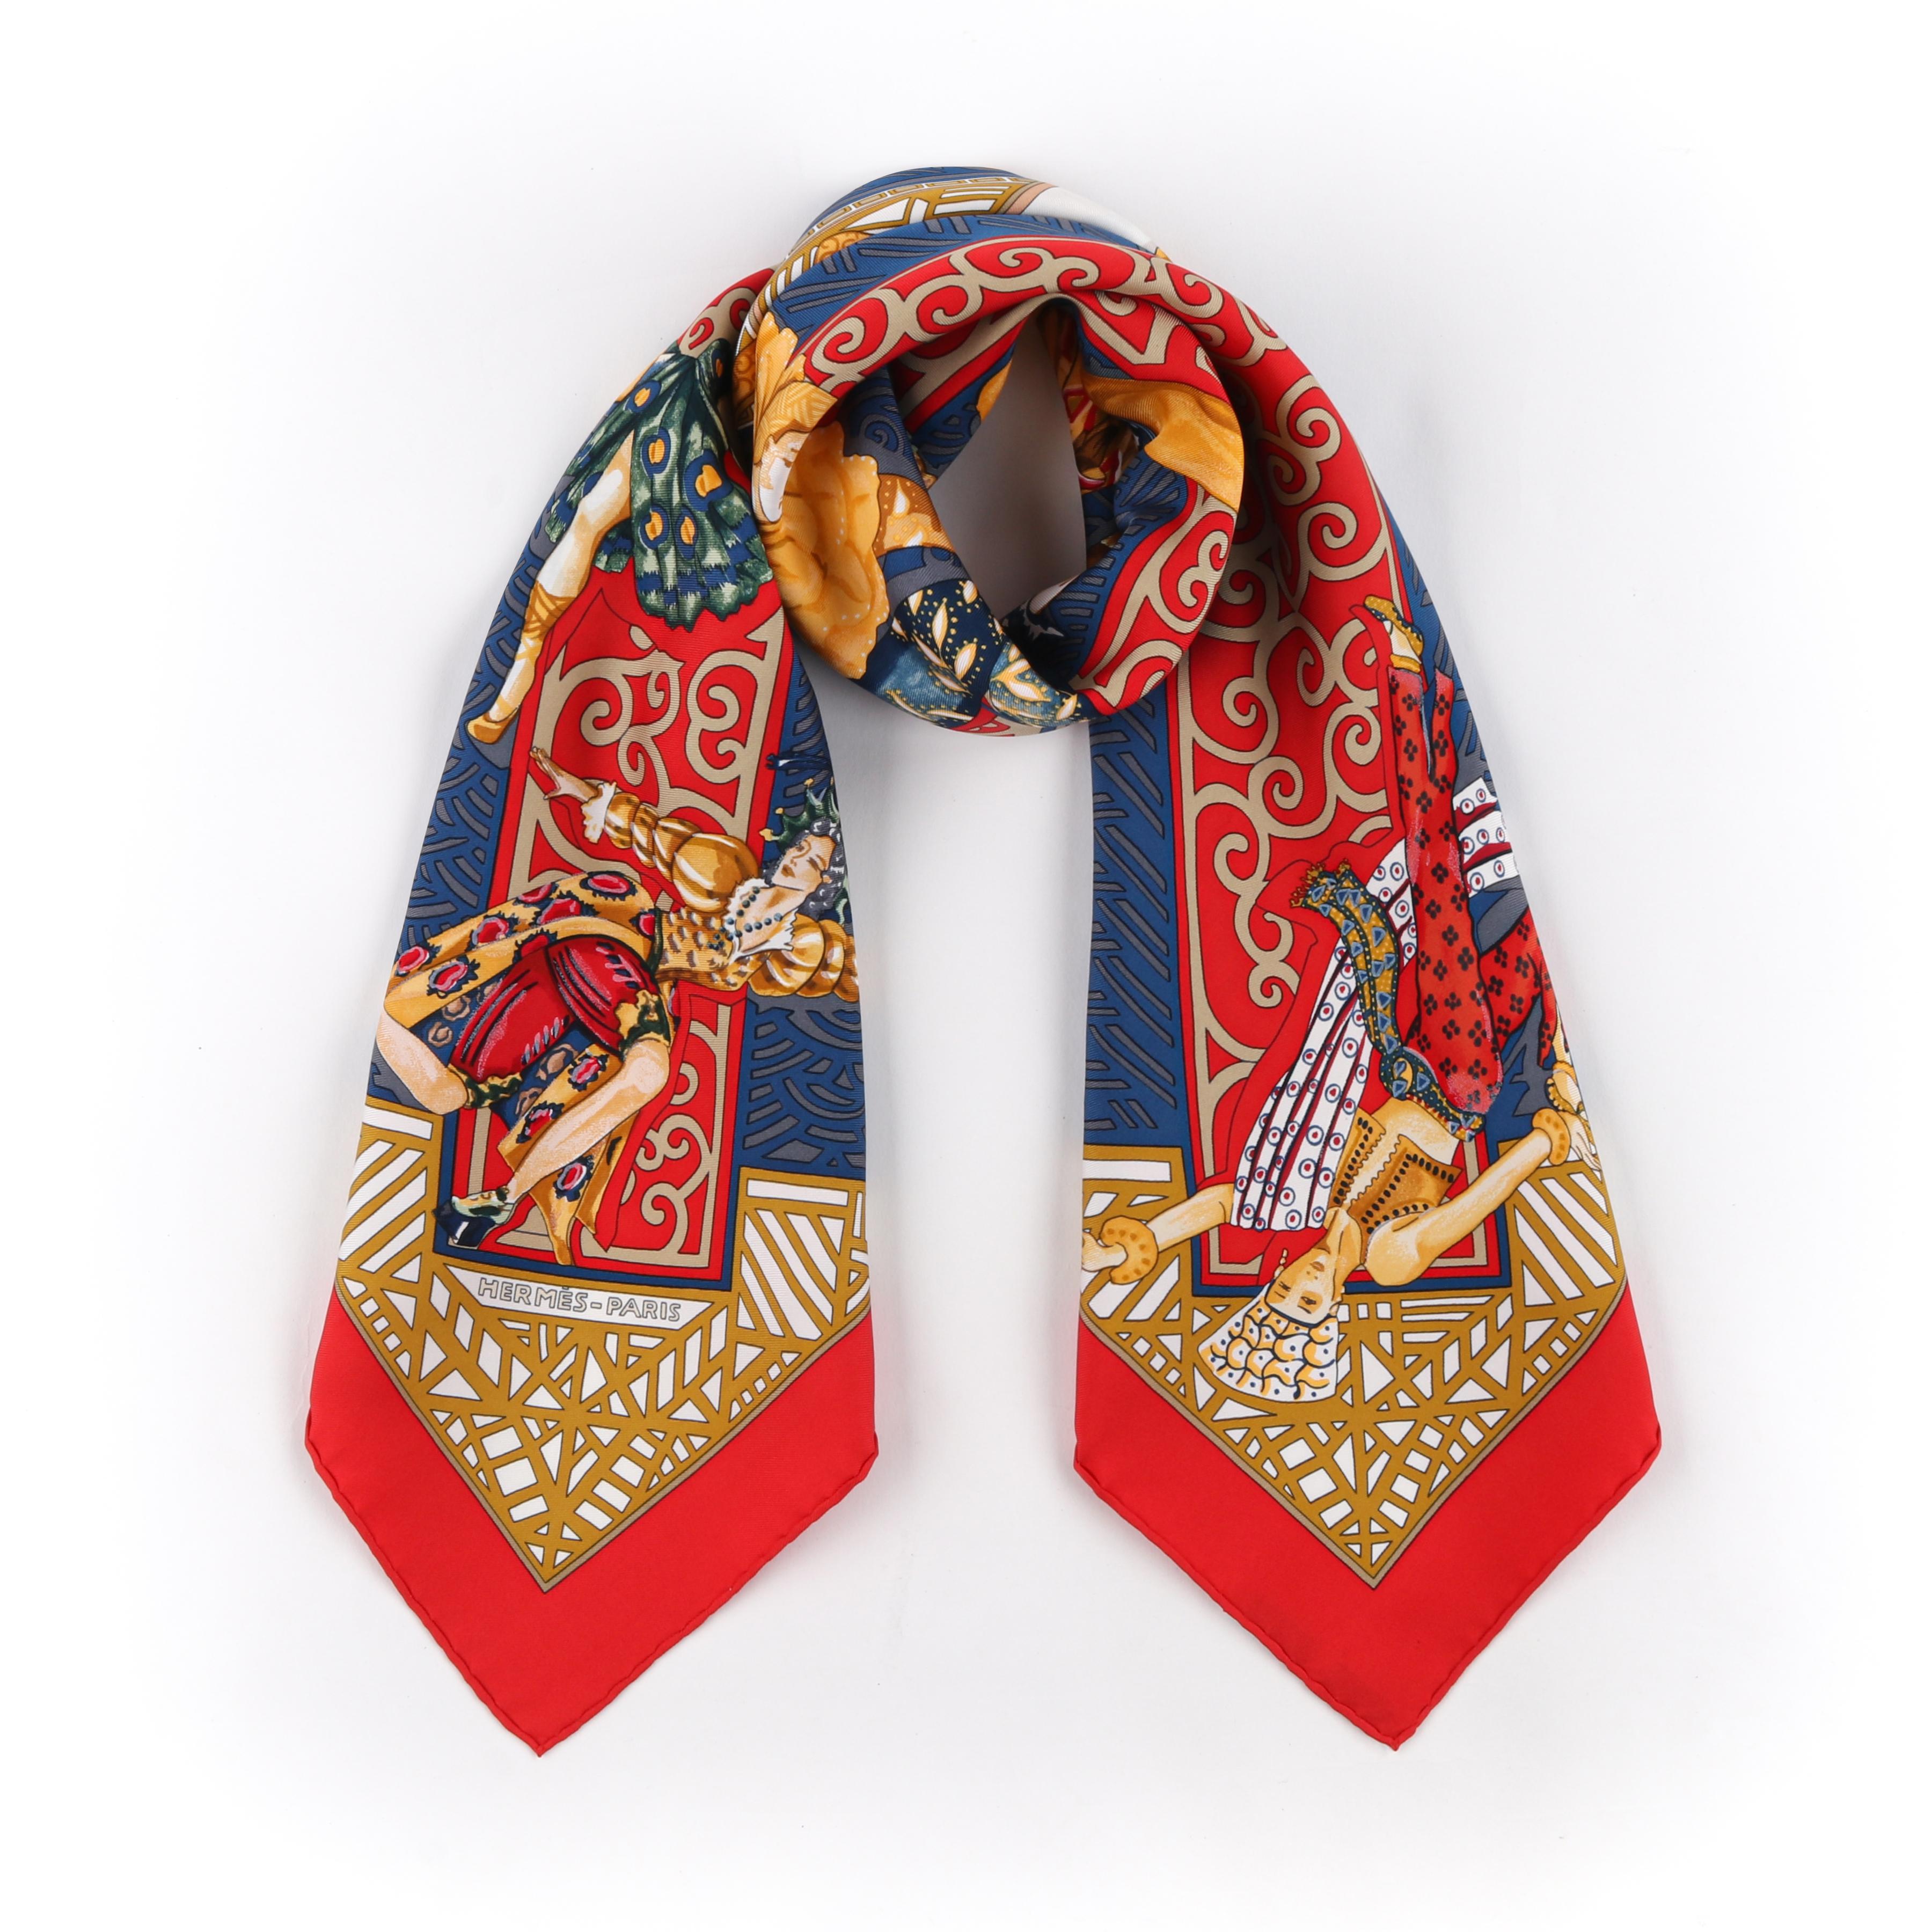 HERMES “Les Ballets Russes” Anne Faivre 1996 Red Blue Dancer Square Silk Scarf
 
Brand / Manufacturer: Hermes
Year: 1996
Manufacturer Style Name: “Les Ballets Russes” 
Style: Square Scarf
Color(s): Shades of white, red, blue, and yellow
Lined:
▬▬▬
*EXERCISE PROMPT*
Your answer must be an exact copy of the data above, minus its pictures.

*TASK RESULT*
 HERMES “Les Ballets Russes” Anne Faivre 1996 Red Blue Dancer Square Silk Scarf
 
Brand / Manufacturer: Hermes
Year: 1996
Manufacturer Style Name: “Les Ballets Russes” 
Style: Square Scarf
Color(s): Shades of white, red, blue, and yellow
Lined:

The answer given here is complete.